Nonostante ciò, nella pratica clinica molti omeopati adottarono i sali come complemento terapeutico, soprattutto nei disturbi cronici o lievi, contribuendo alla loro diffusione anche fuori dalla Germania. Questo duplice atteggiamento, critico sul piano teorico ma più pragmatico sul piano applicativo, favorì nel tempo la progressiva separazione tra omeopatia e biochimica di Schüssler, che finì per configurarsi come un sistema autonomo, a metà strada tra tradizione omeopatica e nuove istanze di razionalizzazione scientifica
I 12 sali fondamentali
Schüssler individuò 12 sali fondamentali, ciascuno associato a indicazioni tradizionali specifiche:
| Nome (latino) | Composizione | Indicazioni tradizionali | |
|---|---|---|---|
| 1 | Calcium fluoratum | Fluoruro di calcio | Elasticità tessuti, pelle |
| 2 | Calcium phosphoricum | Fosfato di calcio | Crescita, ossa |
| 3 | Ferrum phosphoricum | Fosfato di ferro | Stati infiammatori acuti |
| 4 | Kalium chloratum | Cloruro di potassio | Infiammazioni mucose |
| 5 | Kalium phosphoricum | Fosfato di potassio | Affaticamento nervoso |
| 6 | Kalium sulfuricum | Solfato di potassio | Stati infiammatori cronici |
| 7 | Magnesium phosphoricum | Fosfato di magnesio | Crampi, spasmi |
| 8 | Natrium chloratum | Cloruro di sodio | Equilibrio idrico |
| 9 | Natrium phosphoricum | Fosfato di sodio | Acidosi tissutale |
| 10 | Natrium sulfuricum | Solfato di sodio | Disintossicazione |
| 11 | Silicea | Biossido di silicio | Tessuti connettivi |
| 12 | Calcium sulfuricum | Solfato di calcio | Processi suppurativi |
Tra i 12 sali, il n° 7 — Magnesium phosphoricum — è quello più conosciuto e più adatto al consiglio in farmacia. Le sue indicazioni tradizionali comprendono crampi e spasmi dolorosi dell'apparato gastroenterico e stati di eccitabilità nervosa, in analogia con gli altri integratori di magnesio.

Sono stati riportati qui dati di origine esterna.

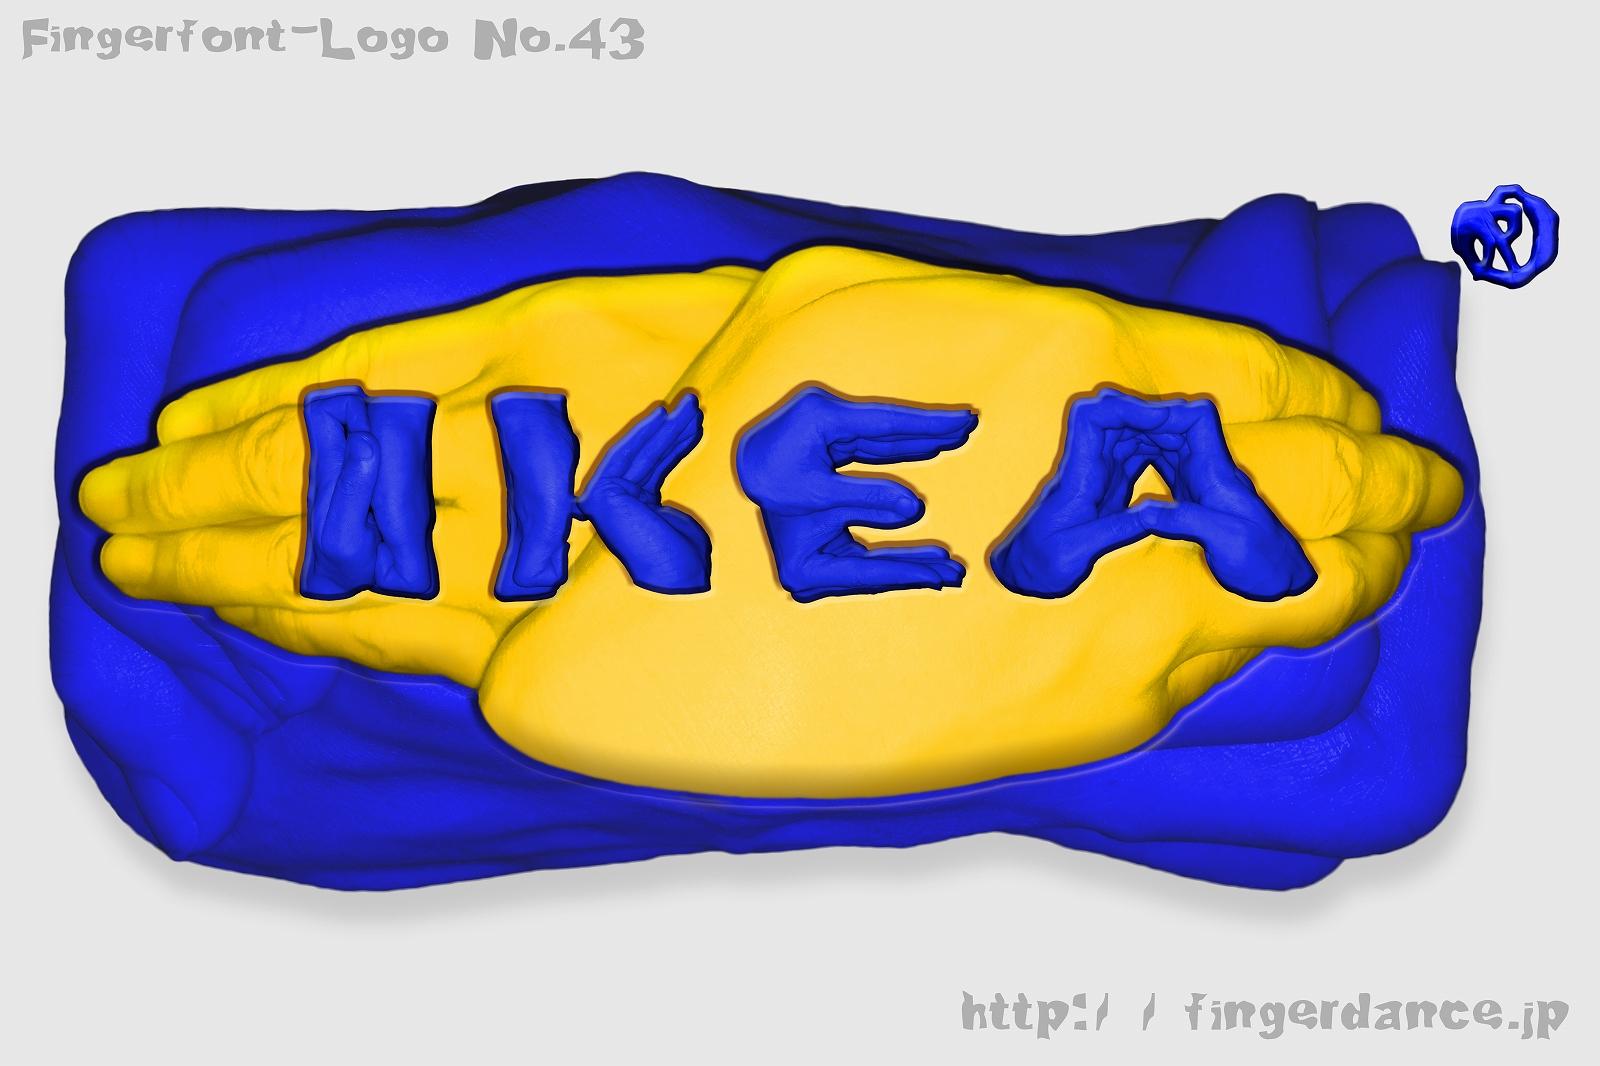 IKEA-fingerhttp://fingerdance.jp/L/logohand イケアフィンガーロゴハンド手指
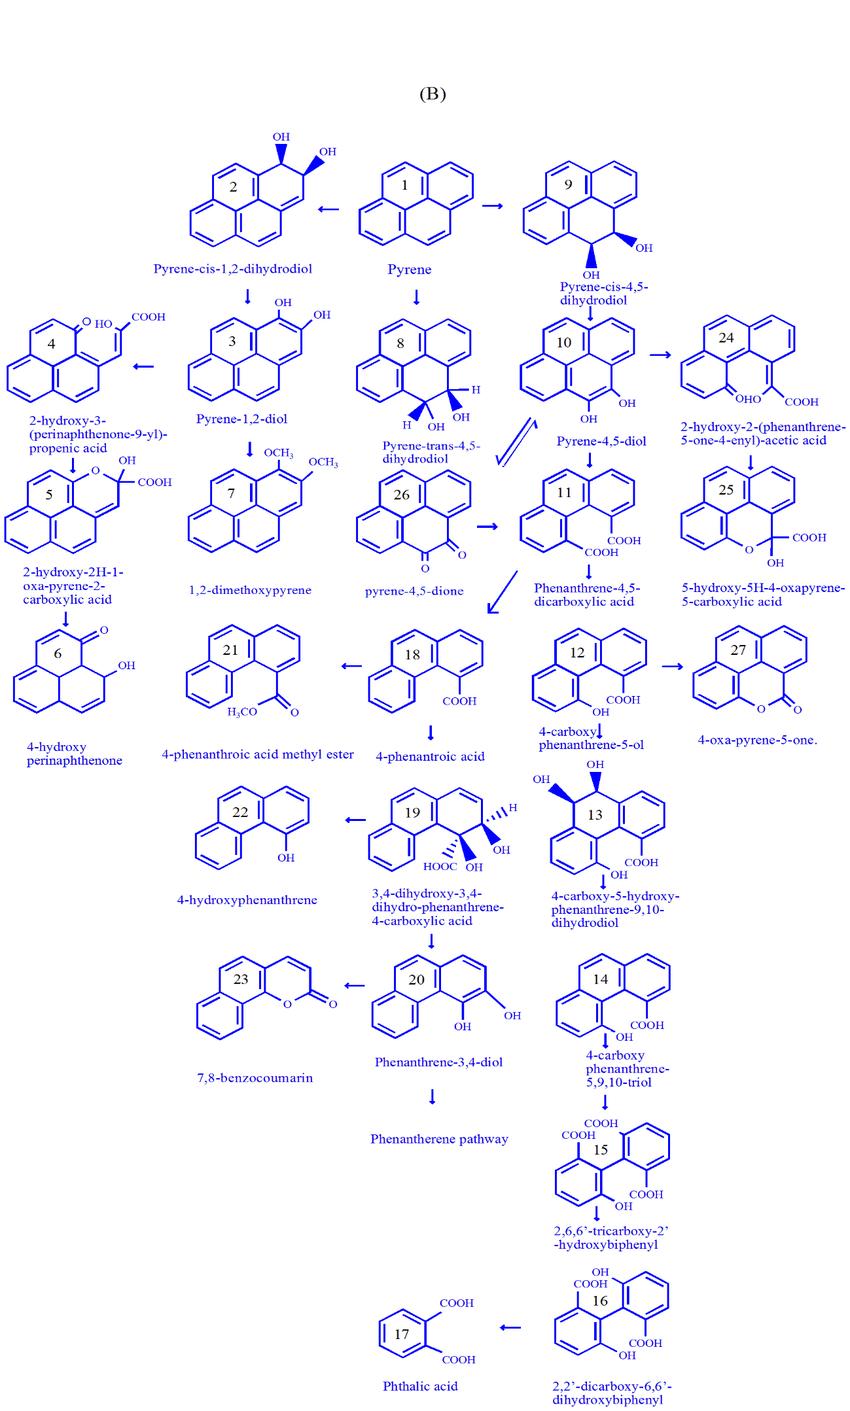 hight resolution of  a catabolism of phenanthrene using microorganism b catabolism of pyrene using microorganism

Come tonico mattutino, la posologia indicata per gli adulti è di due compresse da lasciar sciogliere sotto la lingua. Può essere assunto anche la sera, nei soggetti iperattivi che, pur stanchi, faticano ad addormentarsi. Rispetto agli integratori classici di magnesio, nei casi più acuti il Magnesium phosphoricum può essere somministrato ogni 30 minuti fino alla remissione dei sintomi: due compresse per gli adulti, una per i bambini sopra i tre anni. I tempi di risposta risultano, in questi casi, più rapidi rispetto all'integrazione tradizionale.
Per le contratture dolorose della muscolatura posteriore del collo e per la dismenorrea, è indicato il cosiddetto "7 Bollente": 10 compresse sciolte in mezzo bicchiere di acqua calda, una volta al giorno per un massimo di 10 giorni consecutivi.